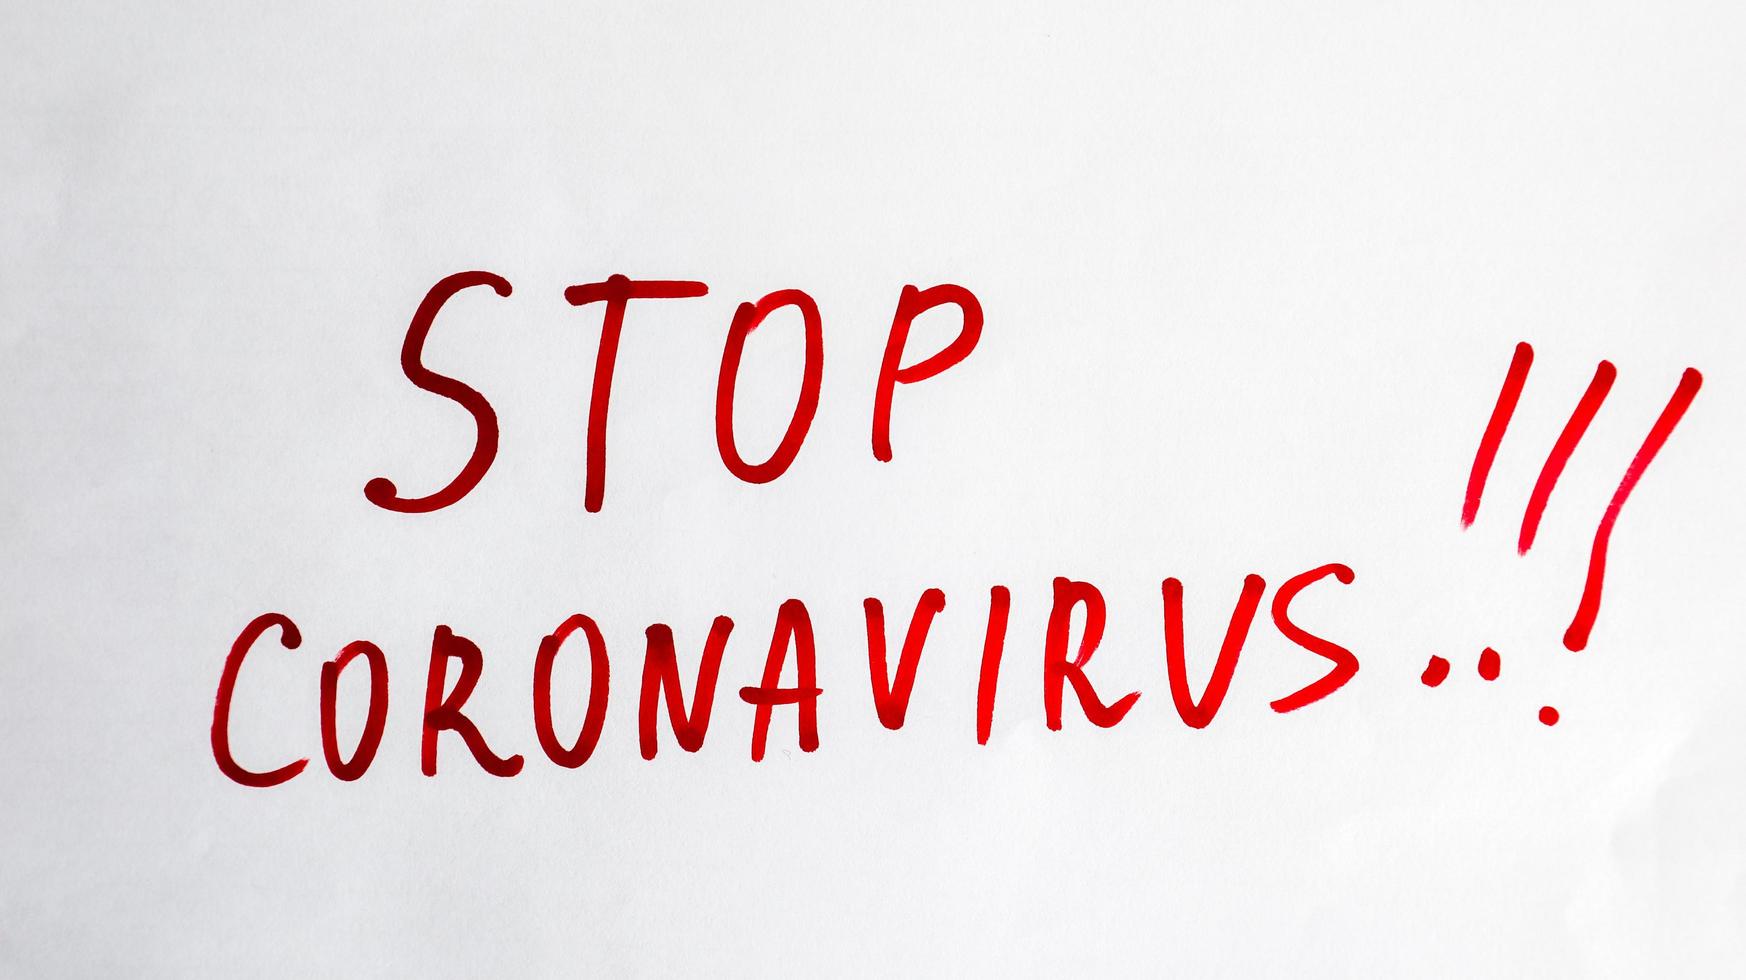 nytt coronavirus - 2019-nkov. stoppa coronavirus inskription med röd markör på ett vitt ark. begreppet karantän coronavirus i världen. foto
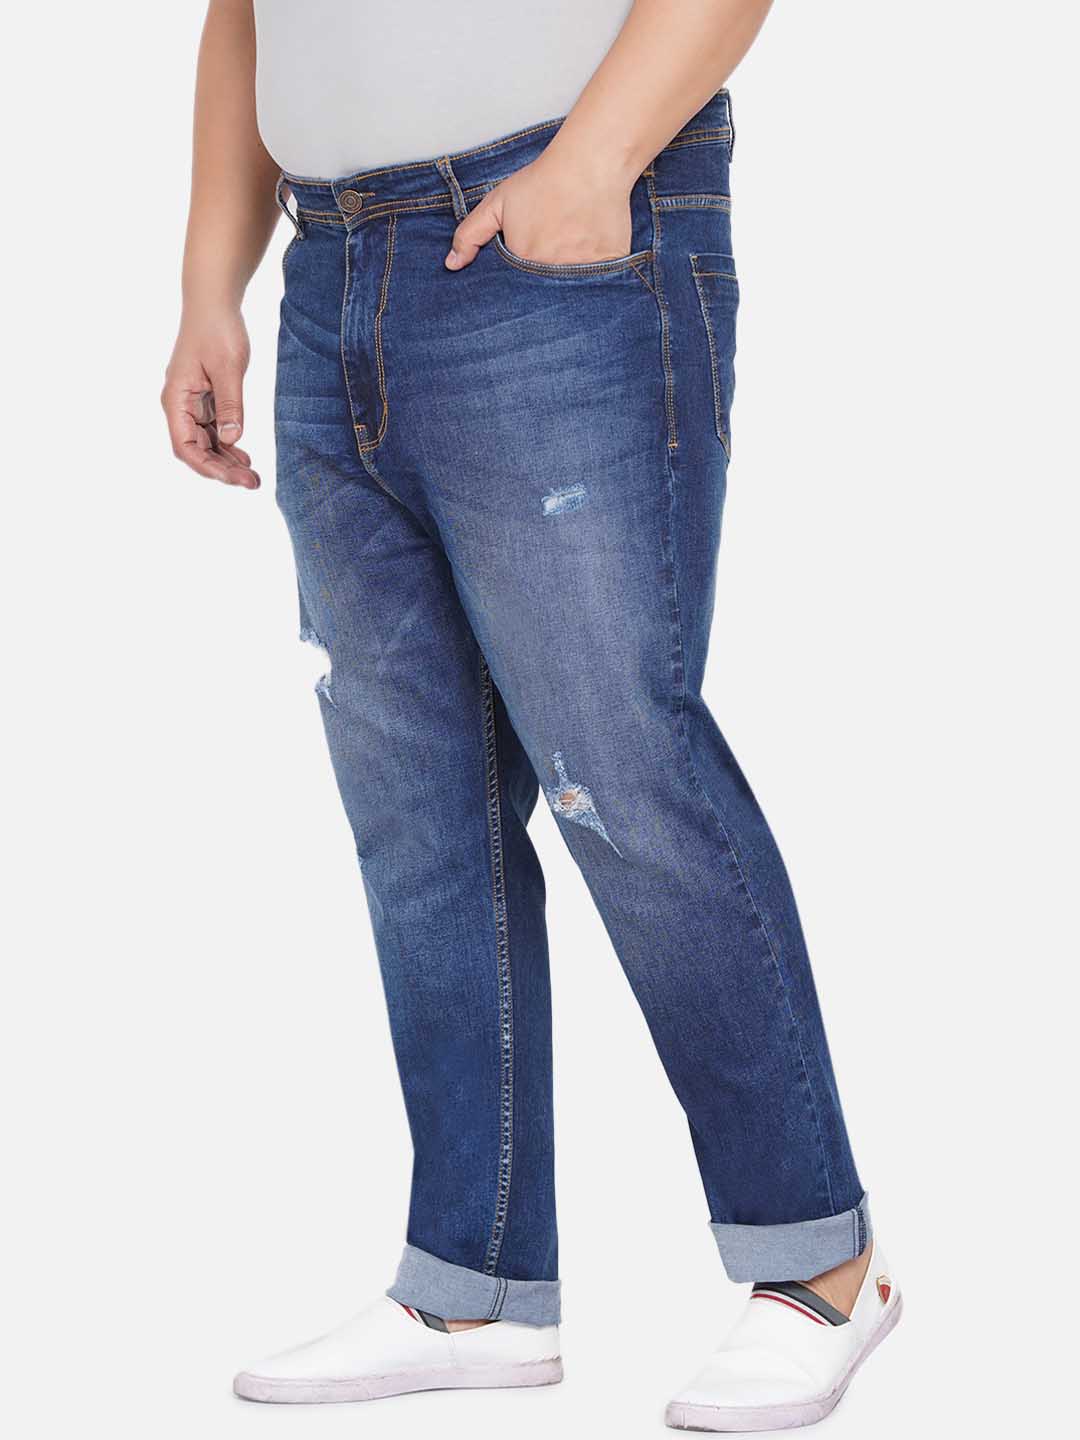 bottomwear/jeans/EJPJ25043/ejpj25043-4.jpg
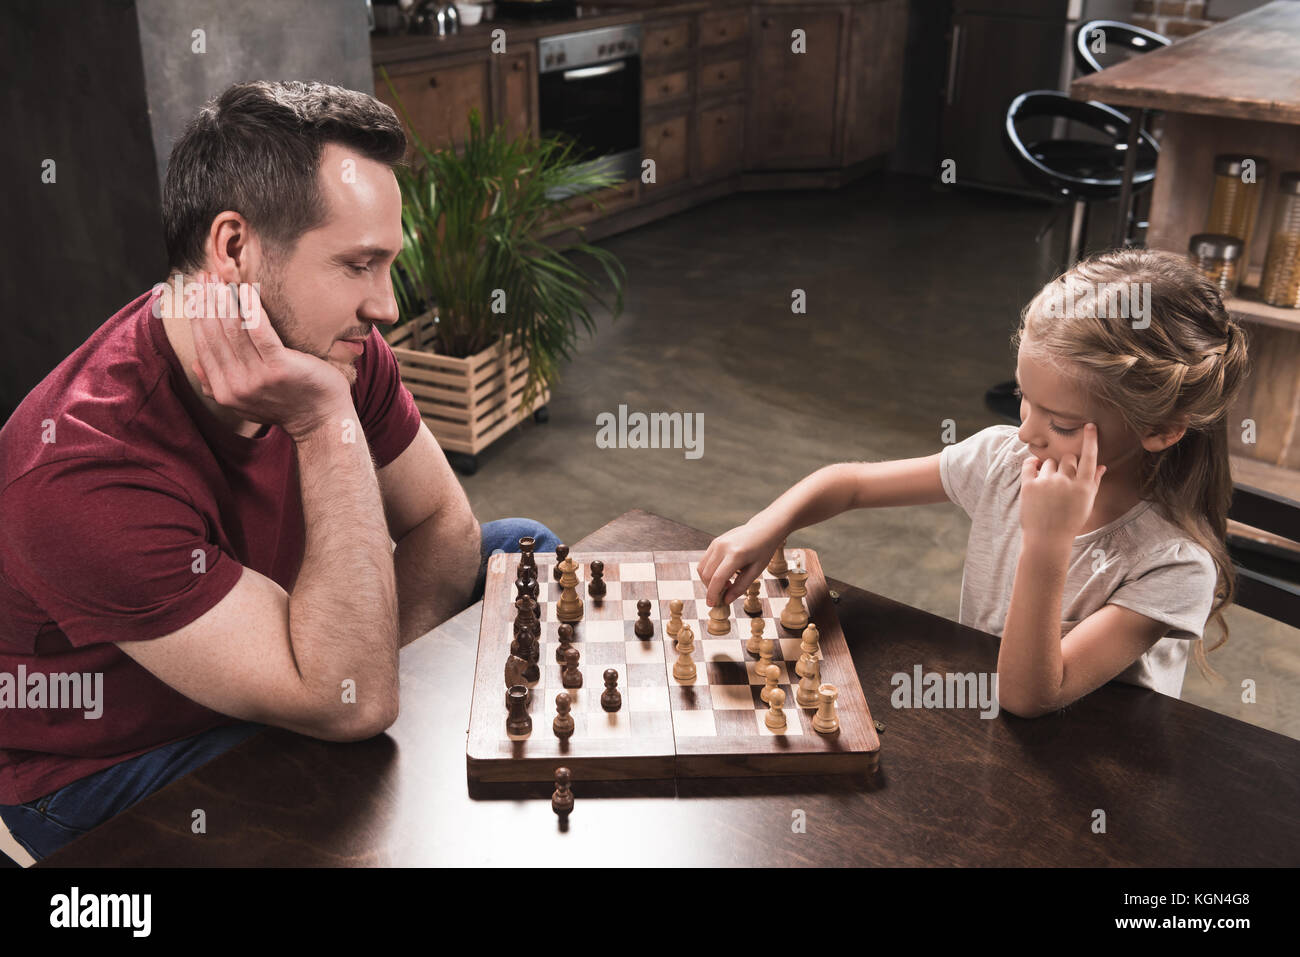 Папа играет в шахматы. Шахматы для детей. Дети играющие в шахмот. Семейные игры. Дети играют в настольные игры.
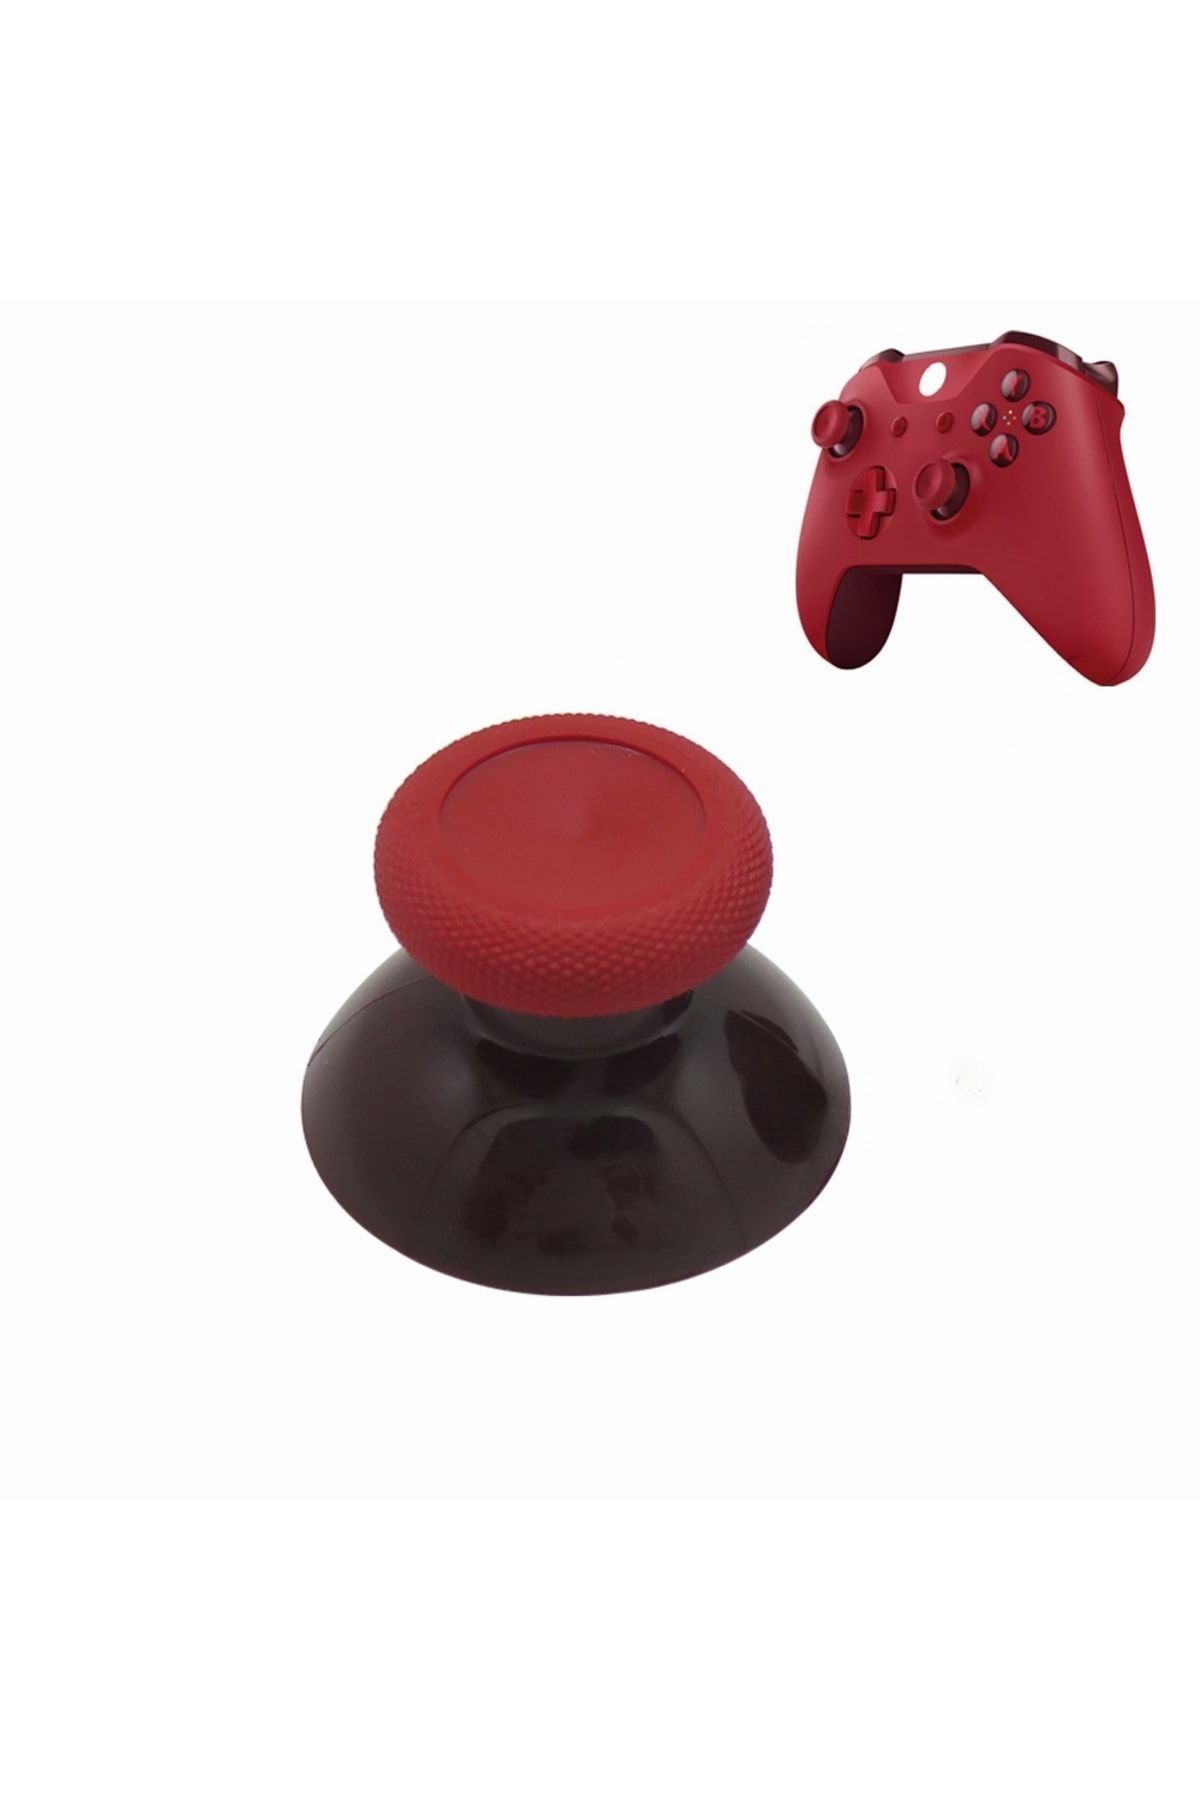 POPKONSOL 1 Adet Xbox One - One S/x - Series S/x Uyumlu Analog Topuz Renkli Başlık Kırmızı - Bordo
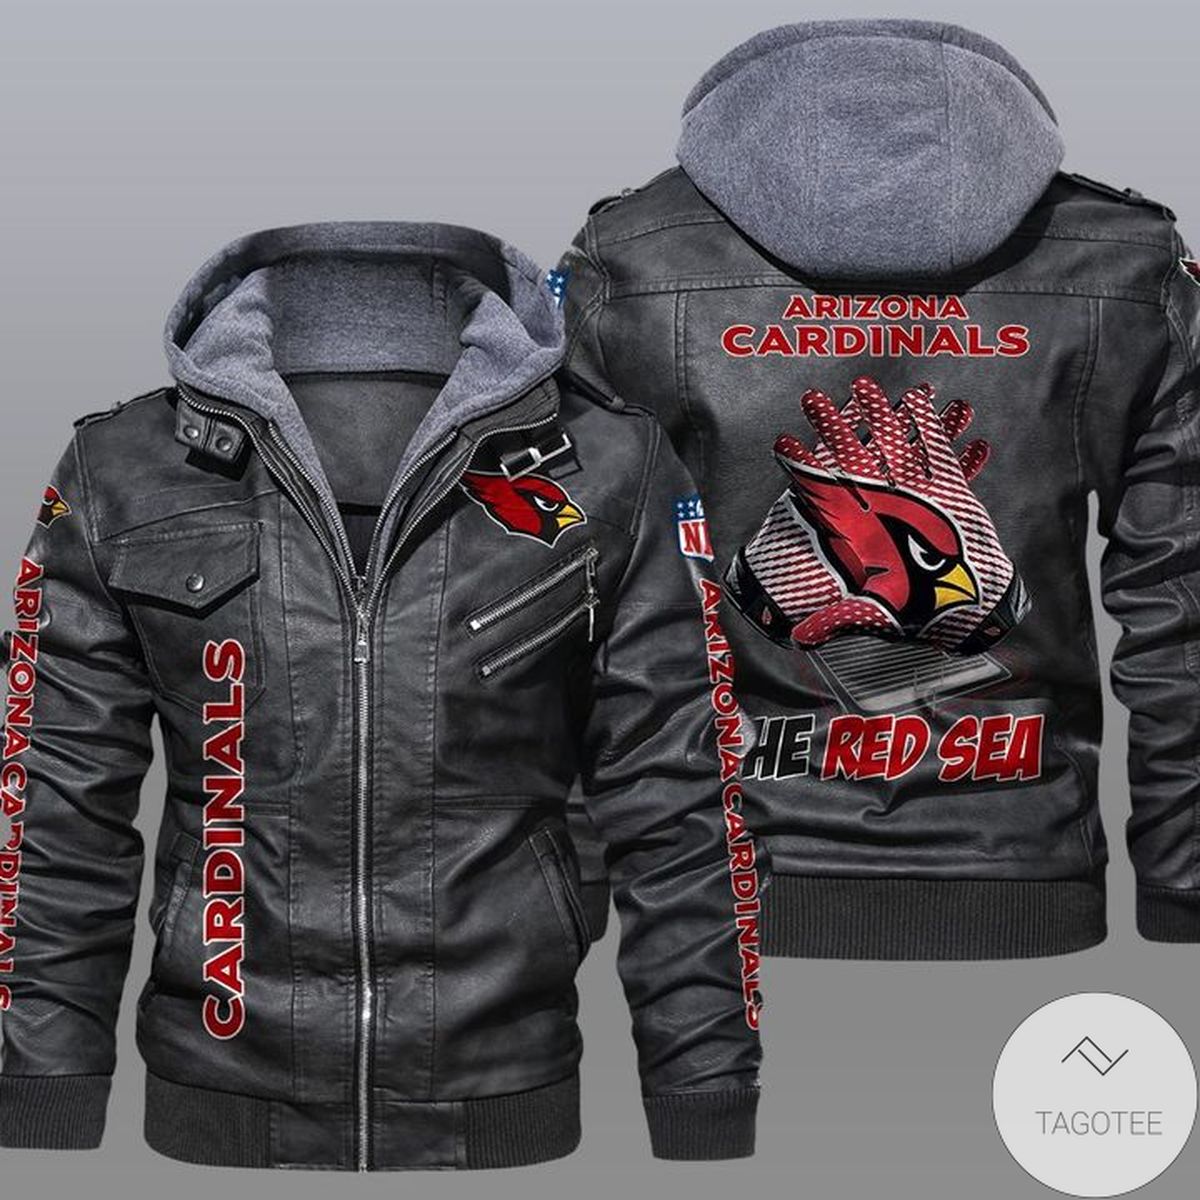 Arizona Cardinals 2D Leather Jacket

####

# Task goal:
Your copy should hold only the lines from the one containing "bottomwear/jeans/EJPJ25043/ejpj25043-4.jpg" through the last line of the listing, both included, retyped exactly and free of pictures.

# Exercise output:
 bottomwear/jeans/EJPJ25043/ejpj25043-4.jpg
 Папа играет в шахматы. Шахматы для детей. Дети играющие в шахмот. Семейные игры. Дети играют в настольные игры.
 POPKONSOL 1 Adet Xbox One - One S/x - Series S/x Uyumlu Analog Topuz Renkli Başlık Kırmızı - Bordo
 Arizona Cardinals 2D Leather Jacket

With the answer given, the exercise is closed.